The result: Forever Mine was born.

Taming Jenna is another story. My critique group and I were having lunch after a meeting, and I said to one of the members I knew had a quirky sense of humor to give me an idea for a new story. Without hesitation, she said, “Write about a woman who has to find a man, and the only way she can identify him is by a scar on his bottom.” The result: a lady Pinkerton who finds herself at odds with a bounty hunter after she pulls a gun on him and makes him drop his drawers. That was a fun story to write.

Another time, for some reason I can’t name, an image of a man napping in a boggy garden at a castle popped into my mind. He wakes to see a frog on his chest. It jumps at him, kisses his mouth, and Voila! he has a beautiful young, naked woman lying over him. That story took years to write and not all simultaneously, but it is published under the title, A Kiss and a Dare. It’s a paranormal take on an old fairytale and a fun read.

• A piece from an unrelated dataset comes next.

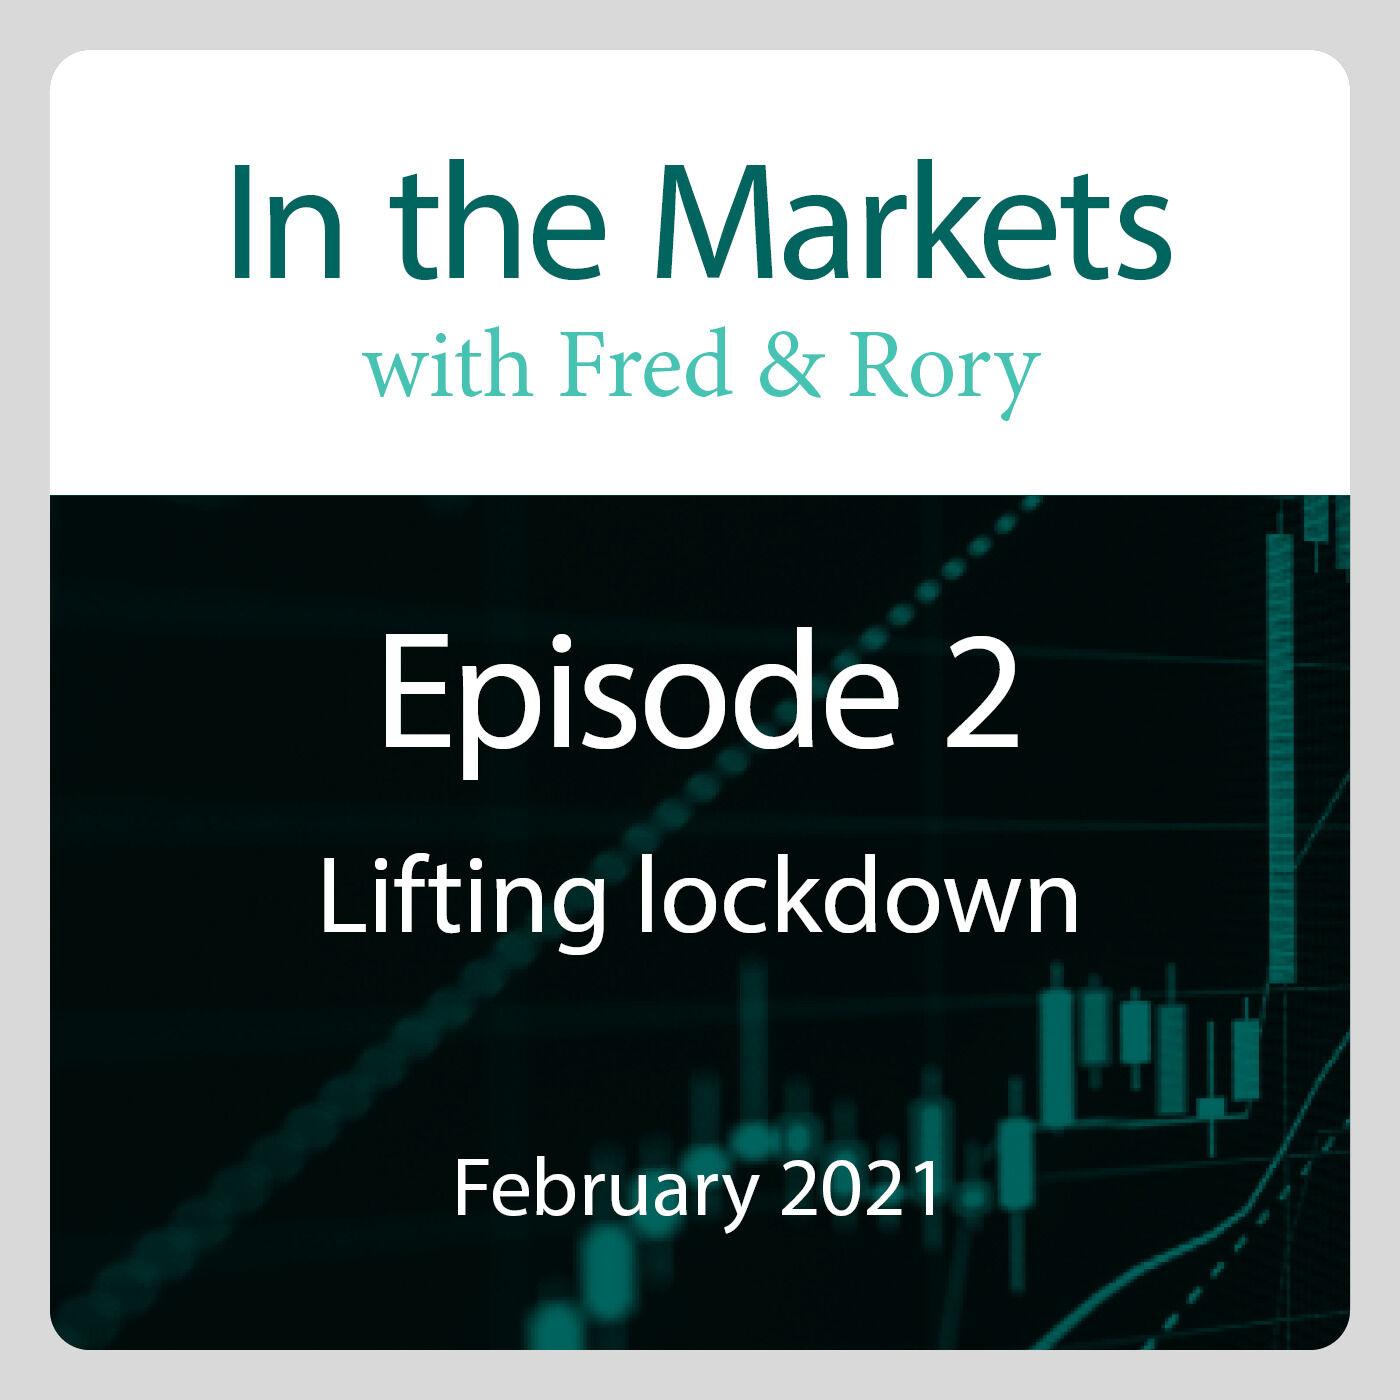 February 2021: Lifting lockdown & UK budget predictions

Ideas for novels come from many sources and what they are doesn’t really matter. What matters is that the writer is inspired by an idea that carries her through to the end of the tale and creates a vivid, compelling read. I like to believe this is what I’ve done in my books.

 

Charlene Raddon is the award-winning bestselling author of twenty-seven historical romance novels set in the American West and has been writing for over forty years. Five of her books were originally published in paperback by Zebra Books, later released as e-books by Tirgearr Publishing, and she is now an Indie author.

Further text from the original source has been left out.